• _Try it_:
Leave out the images and return all the data word for word.

• _Data block_:
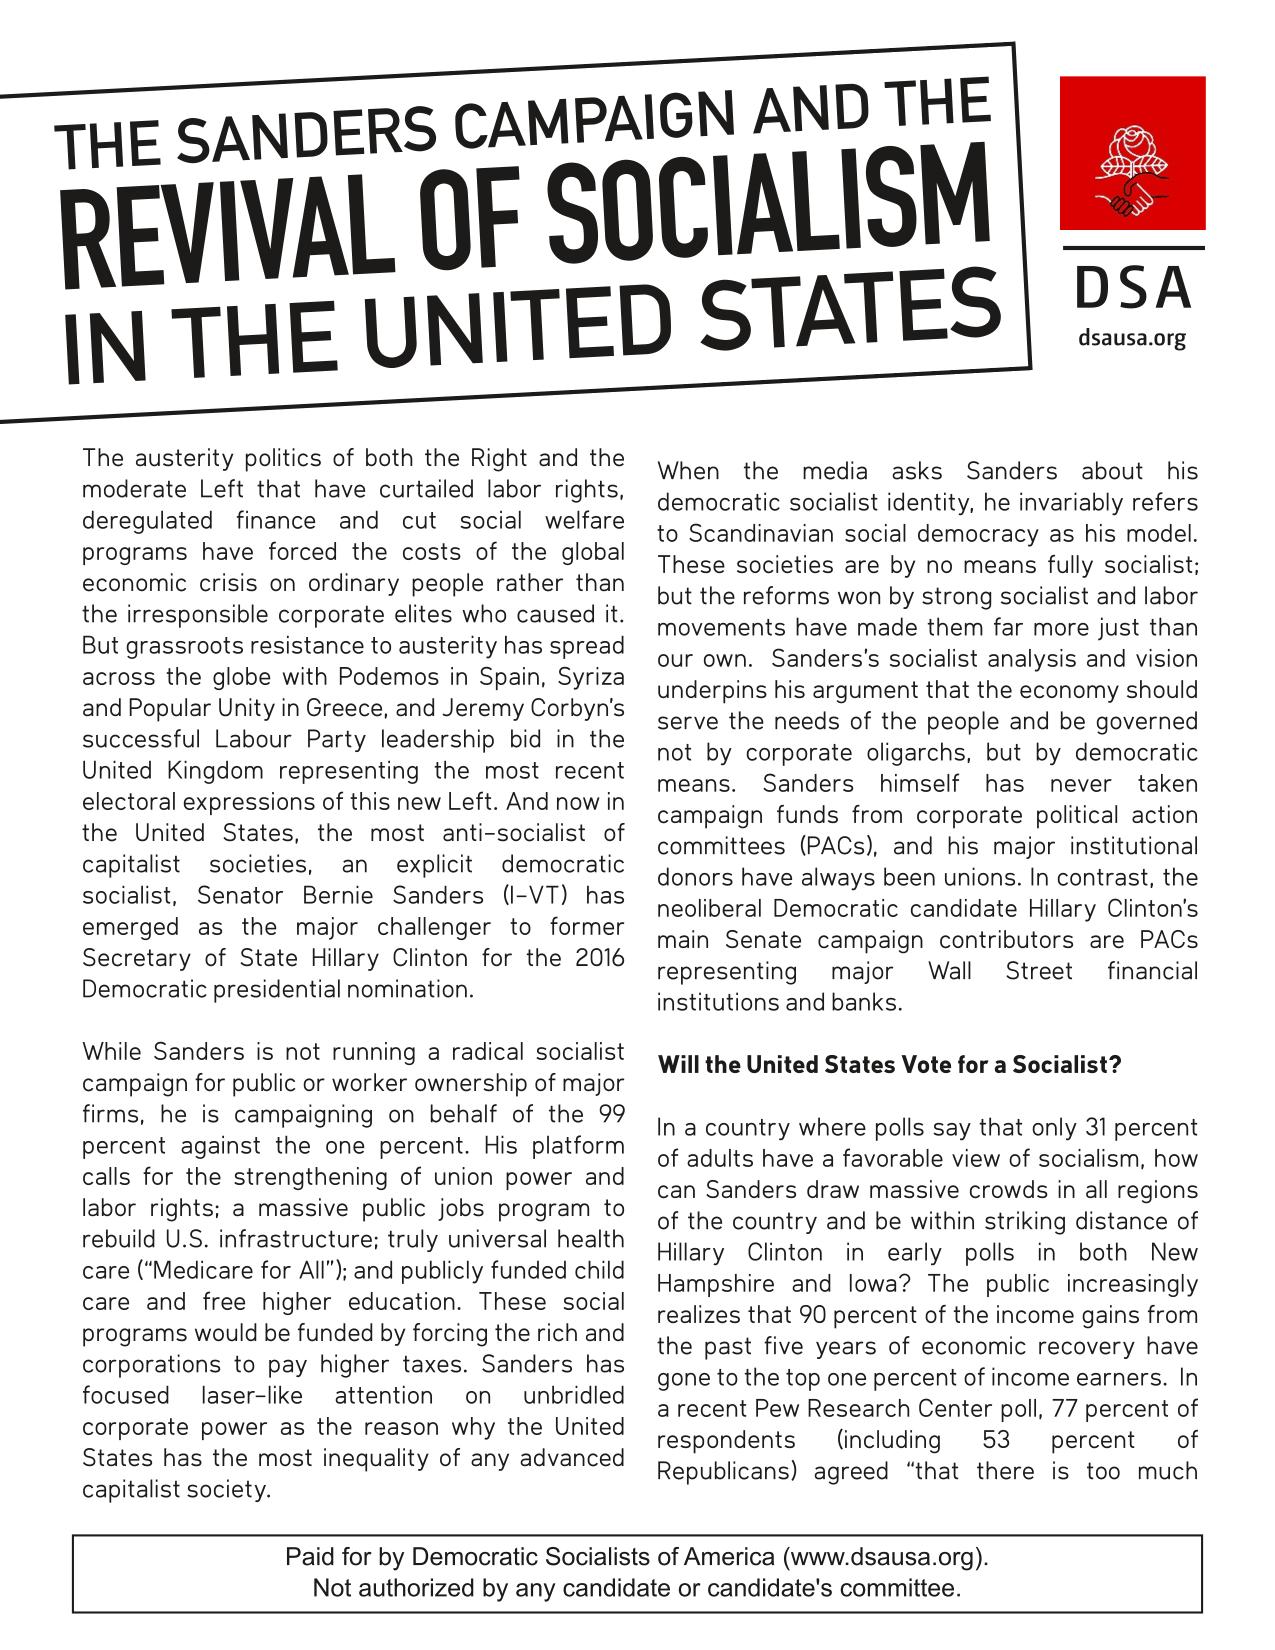 Sanders_Revival_Socialism_B_W.png
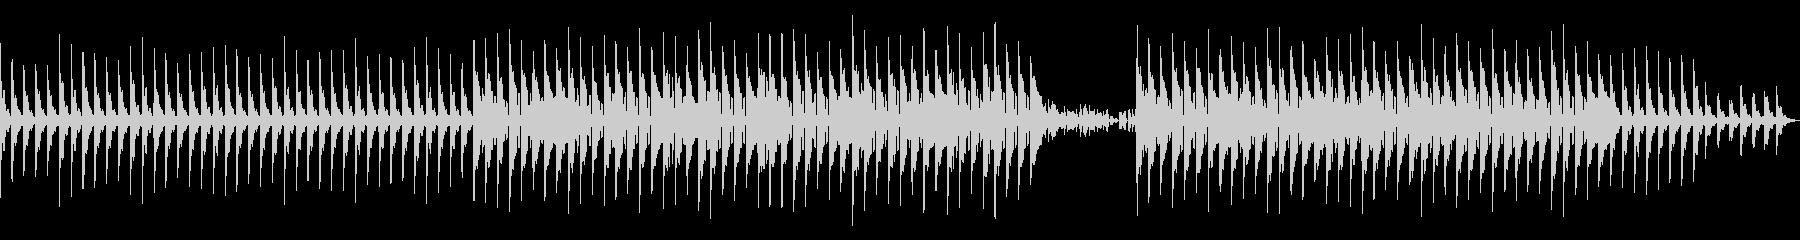 bpm128ドラムなしバージョンの未再生の波形
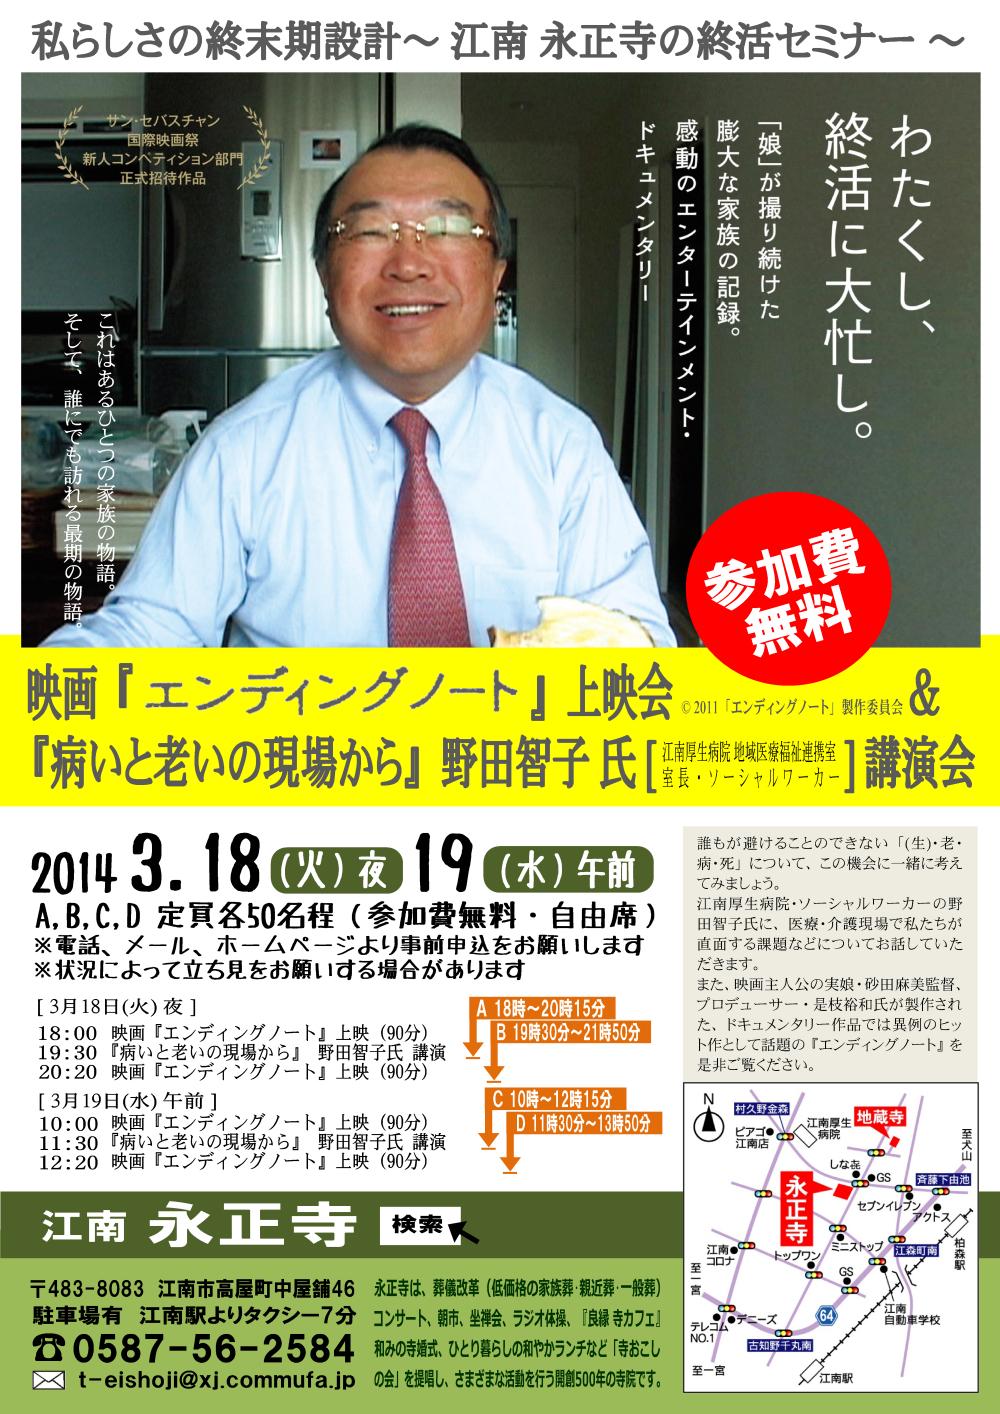 江南 永正寺 終活セミナー2014 チラシ

• _Solution for this problem_:
 Sanders_Revival_Socialism_B_W.png
 bpm128ドラムなしバージョンの未再生の波形
 江南 永正寺 終活セミナー2014 チラシ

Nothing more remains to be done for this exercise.